EH-Net members,

Recently EC-Council held a webinar for certain attendees to discuss what's happened in 2010 and what's projected for 2011. I've been told I can share this information so here are a few highlights...

- EC-Council has passed SANS/GIAC in the number of certified professionals worldwide (I wasn't given specific permission to share numbers and since EC-Council doesn't share these, neither will I here).

- Within a year of launching their academic course books they have formed 200 international partnerships

- Hacker Halted (US) saw a 116% increase in course attendees and will be back in Miami (October) for 2011.

- I don't have the date but they will be launching CAST - Center for Advanced Security Training - courses this year. These will be advanced technical trainings in areas where they have certifications (CEH,ECSA/LPT,CHFI) and some others. The instructors for these courses MUST be practitioners in the field and meet other requirements. There are no plans to have certifications for these courses at this time, they will be advanced technical trainings only.

- Takedown Con will be launched in May in Dallas, Texas. Unlike Hacker Halted, this conference will be much more technical in its discussions. They plan to roll this out to other areas as well (www.takedowncon.com).

- EC-Council donated $1M to the UN last year to have distributed as needed for training. This year another $1M is being donated to academia.

- A new tool helping in lab setup for classes has been developed called iLabs. This is a virtual hosted system by EC-Council that allows instructors to quickly get classrooms ready. Students will each have access to a handful of systems. All licensing is being handled by EC-Council and will no longer be a responsibility of the training center.

- Along with iLabs will come a client/server app called Frankenstein. The utility looks similar to an FTP client. It allows students to connect to EC-Council and download updated tools. If a tool is installed and an updated version is available Frankenstein will prompt you to install the newer version.
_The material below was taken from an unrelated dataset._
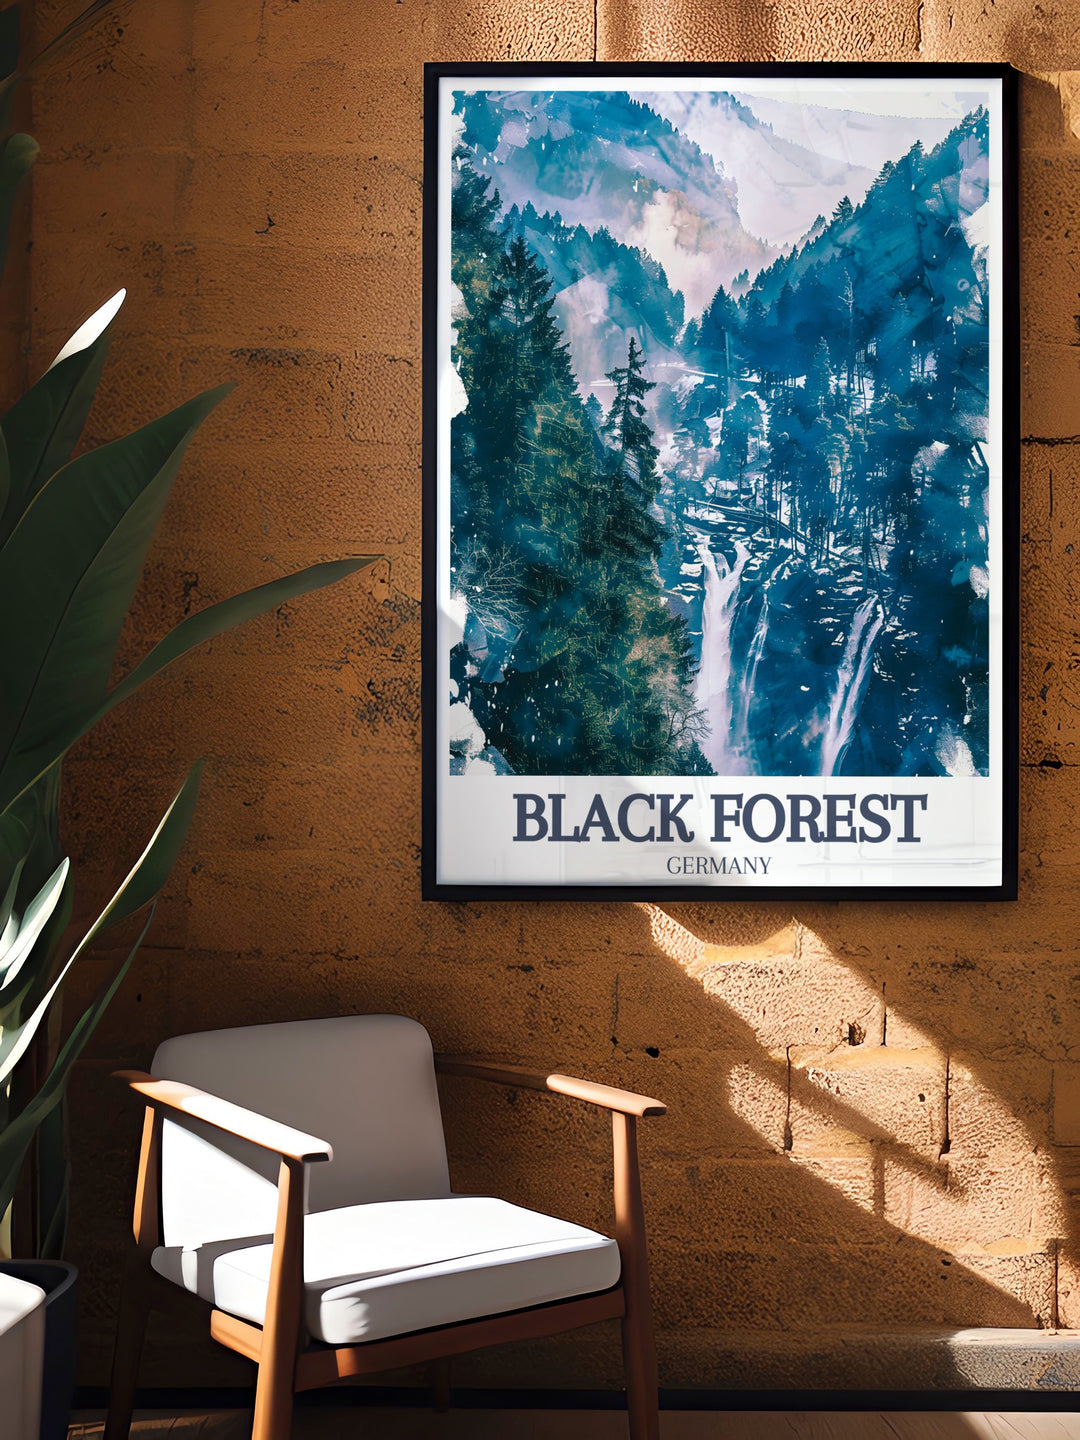 Discover the serene charm of Triberg Waterfalls, Baden Wurttemberg with this exquisite Schwarzwald Poster a perfect addition to any home decor offering a window into the enchanting Black Forest landscape ideal for those who appreciate the tranquility of Germanys natural wonders

- And, of course, there's CEH v7. This is going to include completely rebuilt courseware. To start, all of those boring looking slides have been removed. You will no longer see pages with slides with a box of text and a heading with more text below the slide. The text has been removed. The slides are now very graphical (example attached) - and they look good (and I hear they're trying to get the courseware in color rather than black/white). What about the tools? Yes, tools are still included but the courseware will only be discussing the top tools in each category. You won't have slide after slide of tools you'll never use. They'll still be included on the discs for self-study. The exam will be updated and, again this is speculation, I believe the objectives will be updated as well. They have spent more money producing this CEH version than any version in the past and they are taking it very seriously. Why do I believe the objectives will be updated? I sat in as a CEH SME during Hacker Halted with a representative from Prometric and other security professionals. We were tasked with developing question topics/categories - and new questions are being written from these so I can only guess that these will be the new objectives. You should not be seeing weird questions or questions that come from portions of the courseware not in the objectives.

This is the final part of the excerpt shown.